== WORK REQUIRED ==
Could you repeat every line below exactly, skipping the images?

== PROVIDED DATA ==
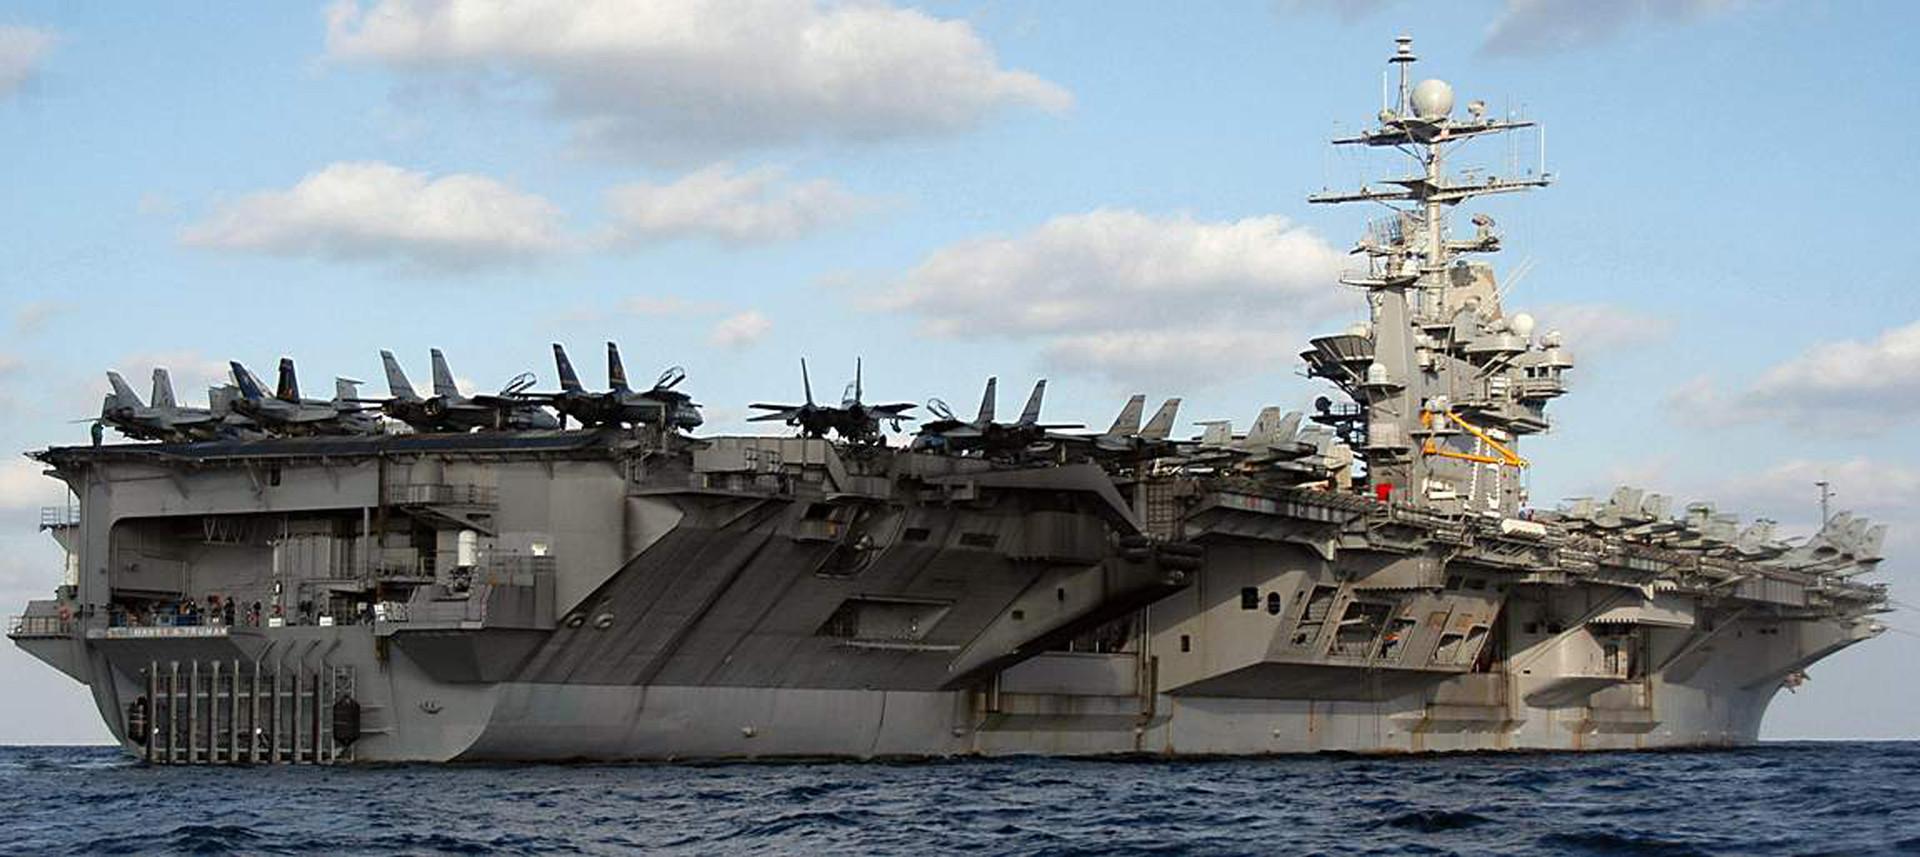 Syrien-Krise: Wieso begleitet eine deutsche Fregatte das US-Kampfgeschwader nach Nahost?
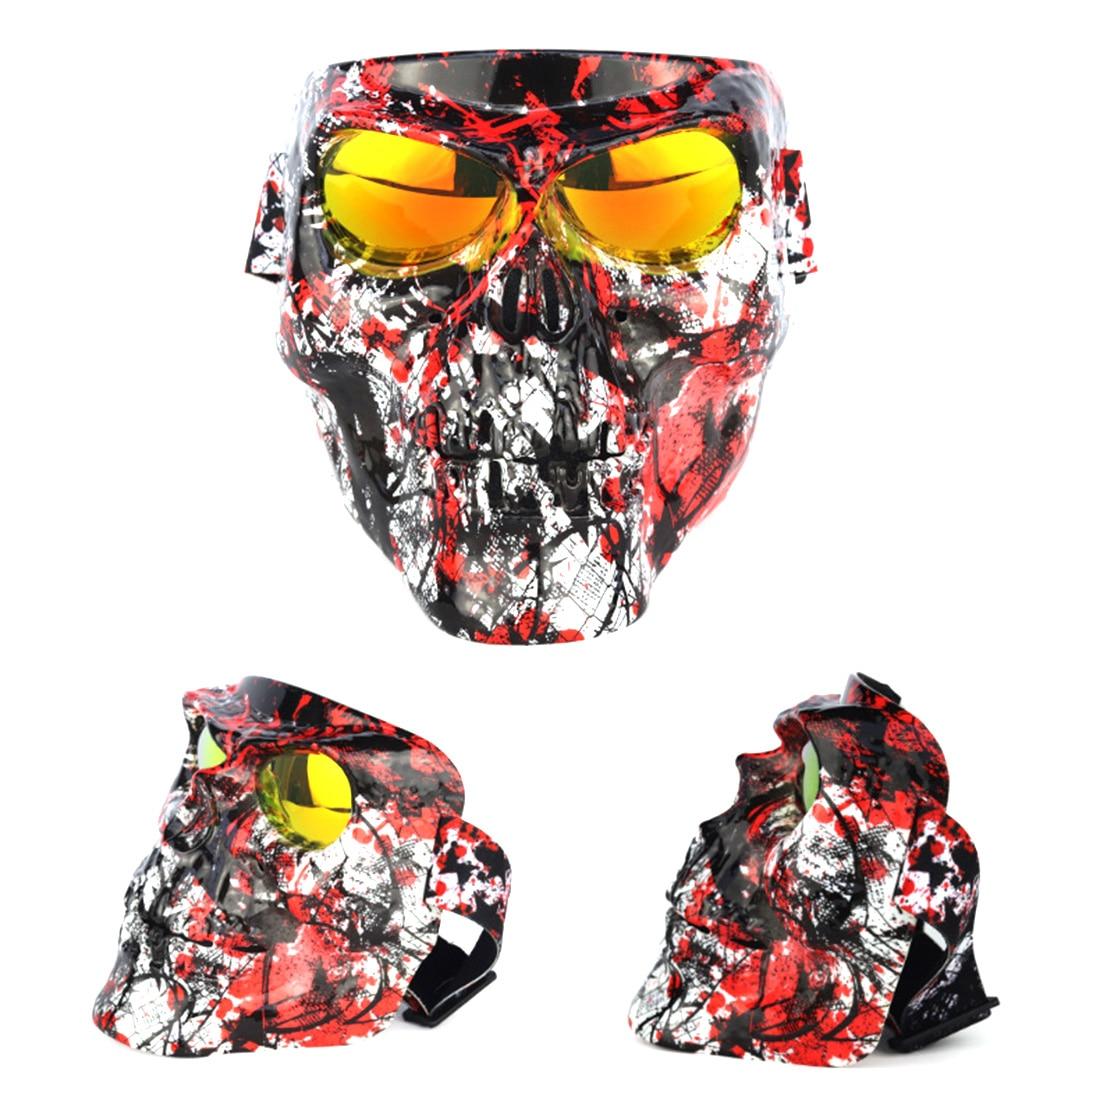 Pour Nerf Jeux de Guerre 18 cm Galvanoplastie Crâne Tactique Masque Coupe-Vent Lunettes pour Airsoft Halloween Jouets de Plein Air
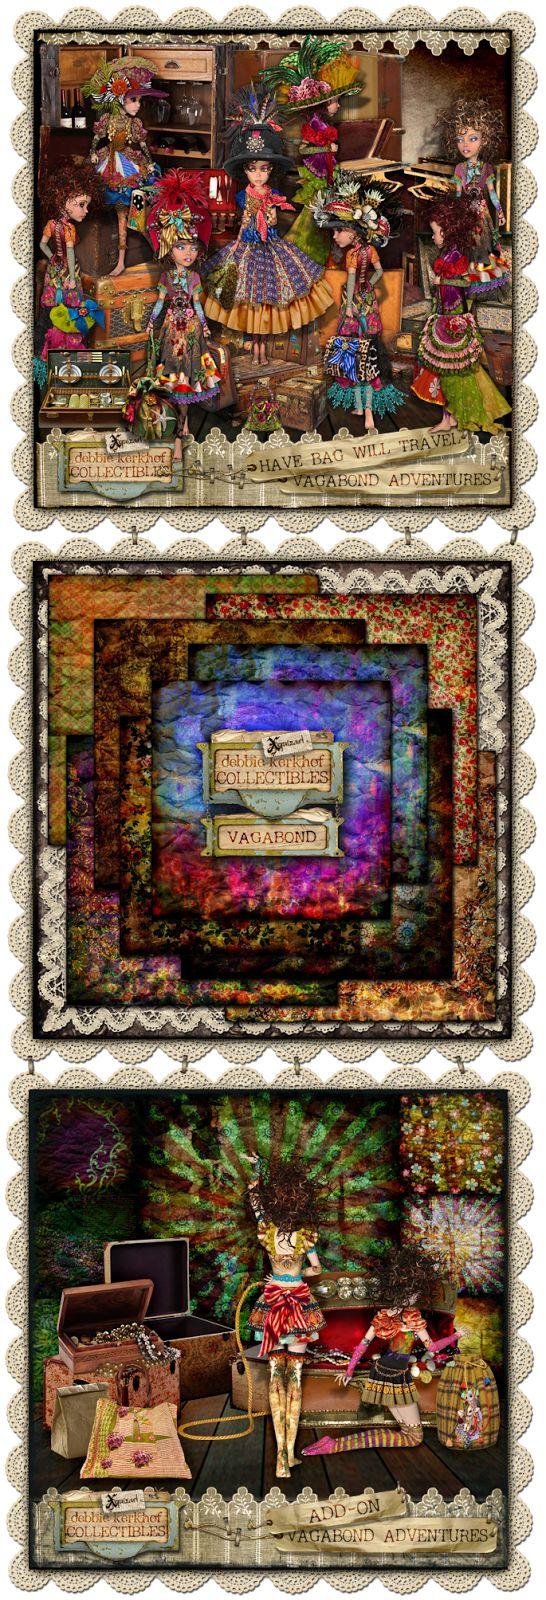 xquizart digital graphics: Vagabond
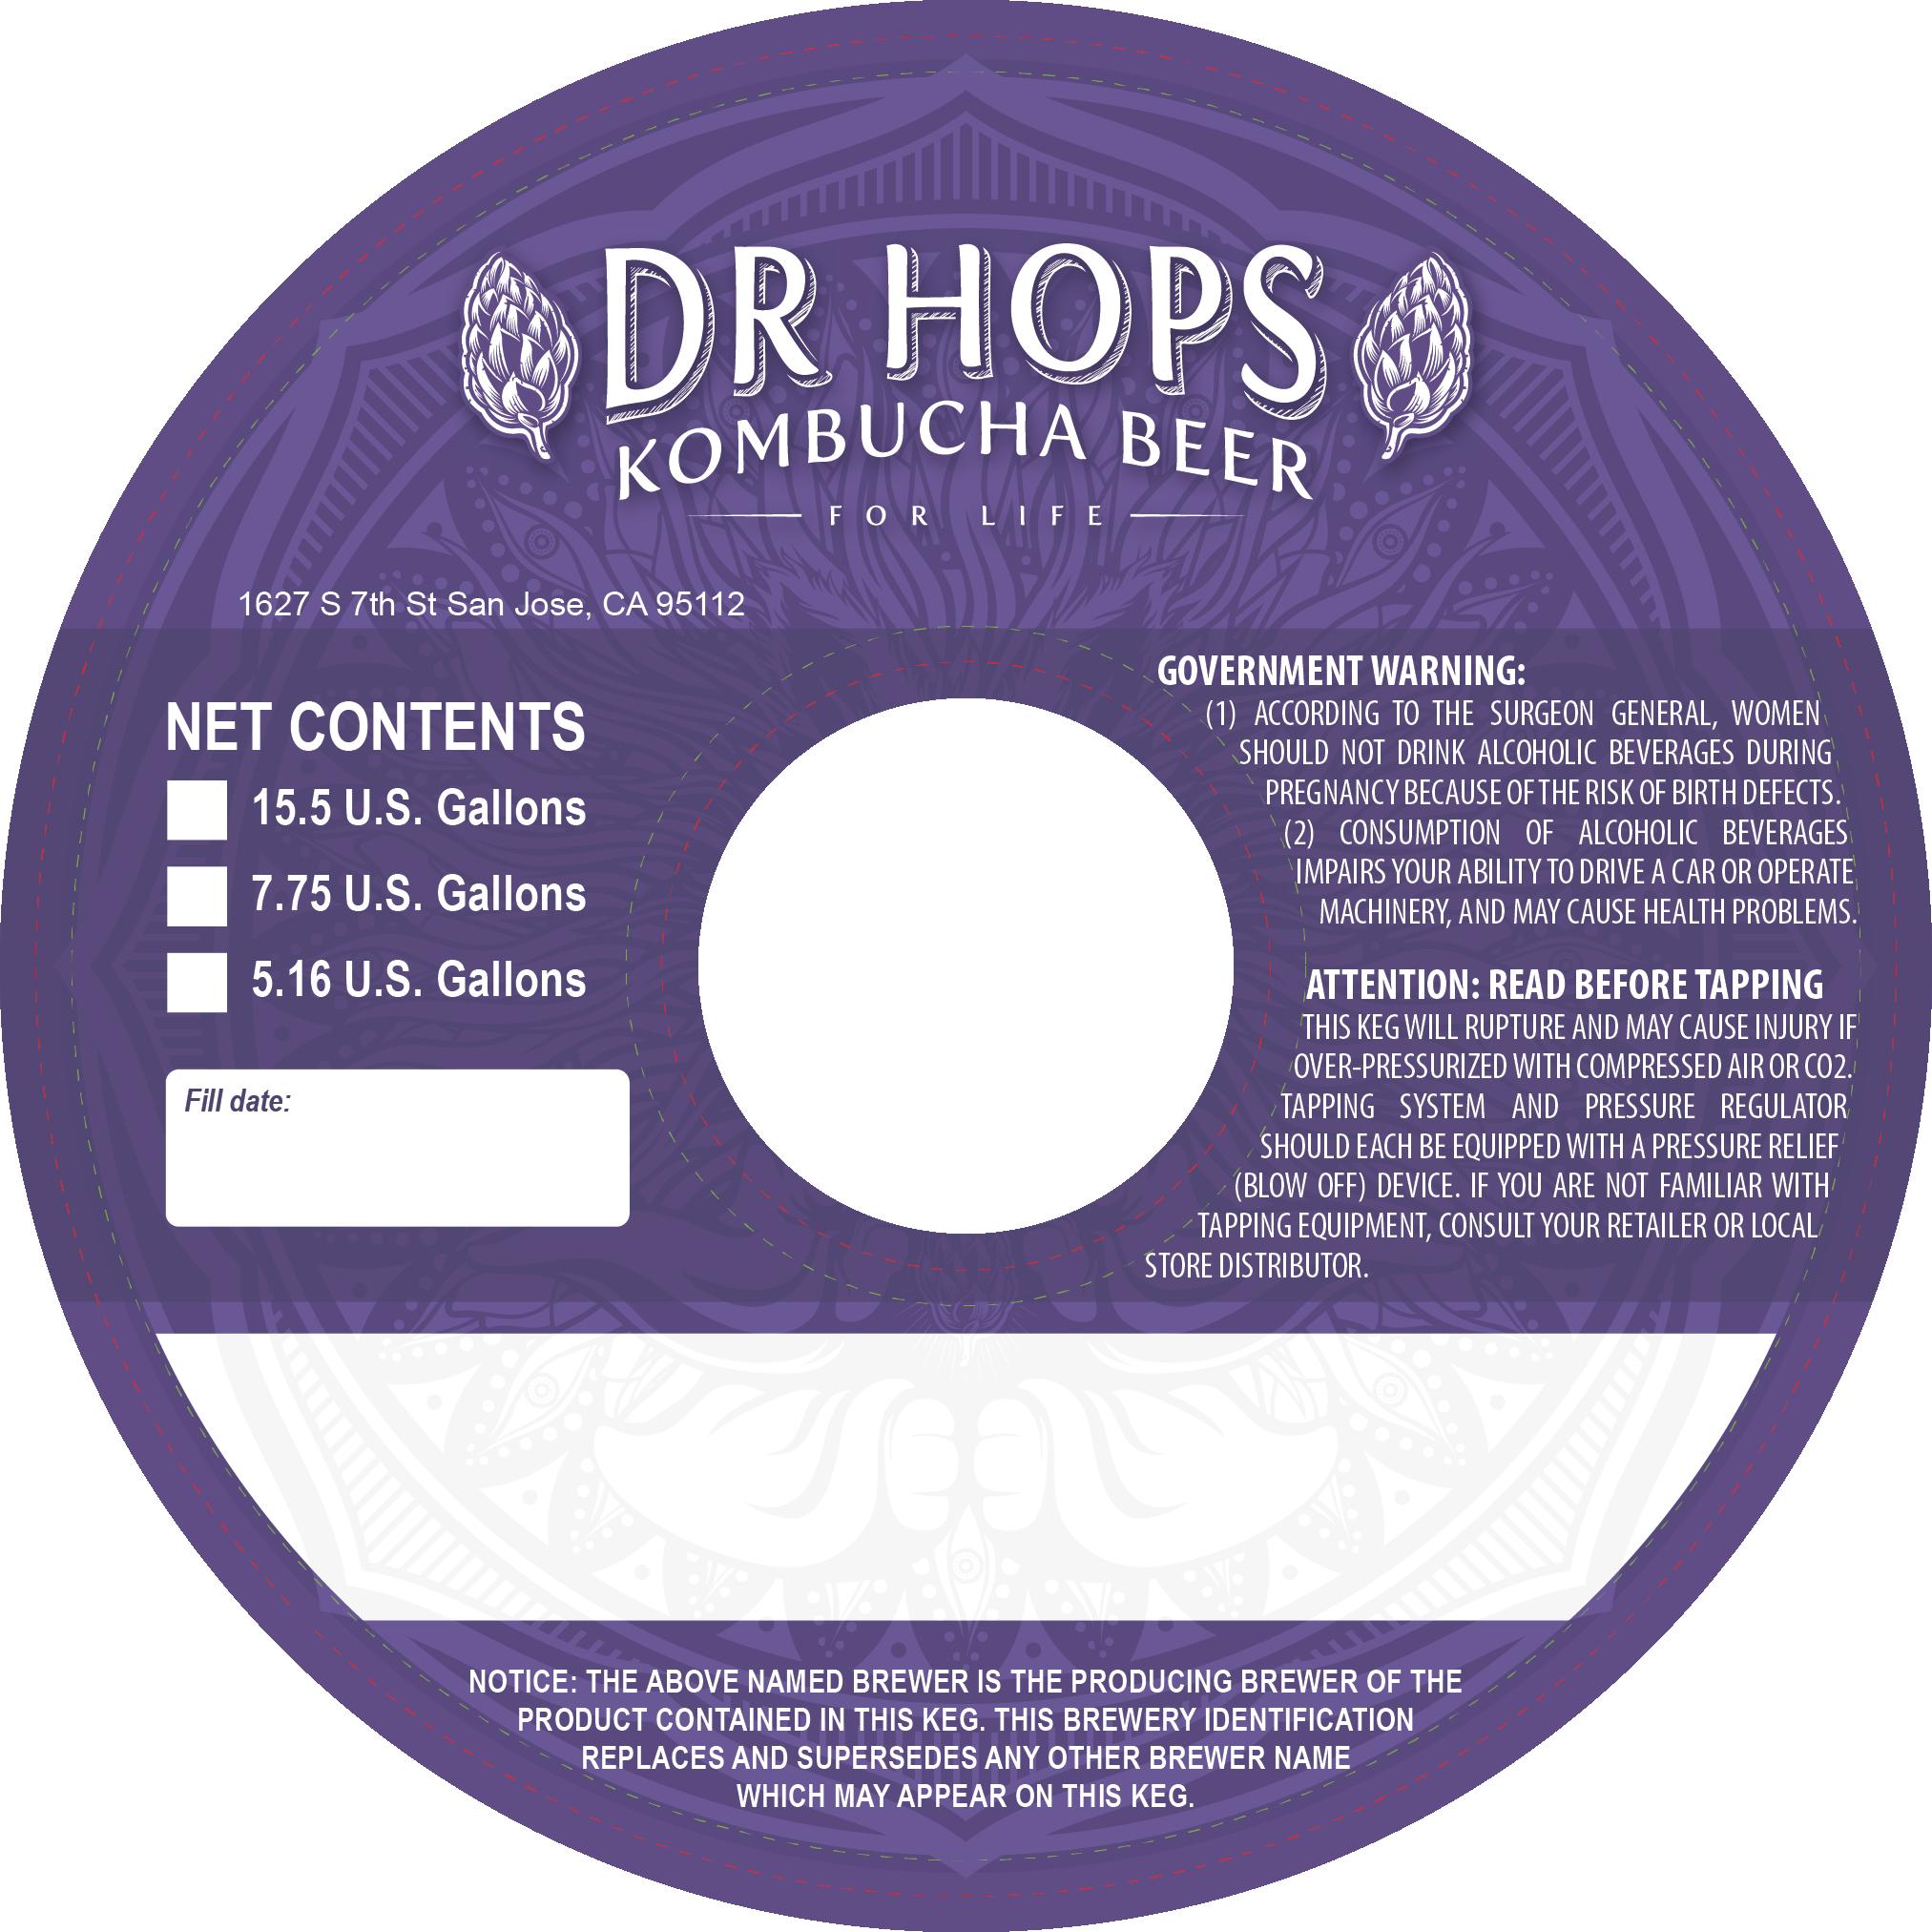 Dr Hops Kombucha Beer Label & Packaging

== RESPONSE TO THE EXERCISE ==
 Syrien-Krise: Wieso begleitet eine deutsche Fregatte das US-Kampfgeschwader nach Nahost?
 Pour Nerf Jeux de Guerre 18 cm Galvanoplastie Crâne Tactique Masque Coupe-Vent Lunettes pour Airsoft Halloween Jouets de Plein Air
 xquizart digital graphics: Vagabond
 Dr Hops Kombucha Beer Label & Packaging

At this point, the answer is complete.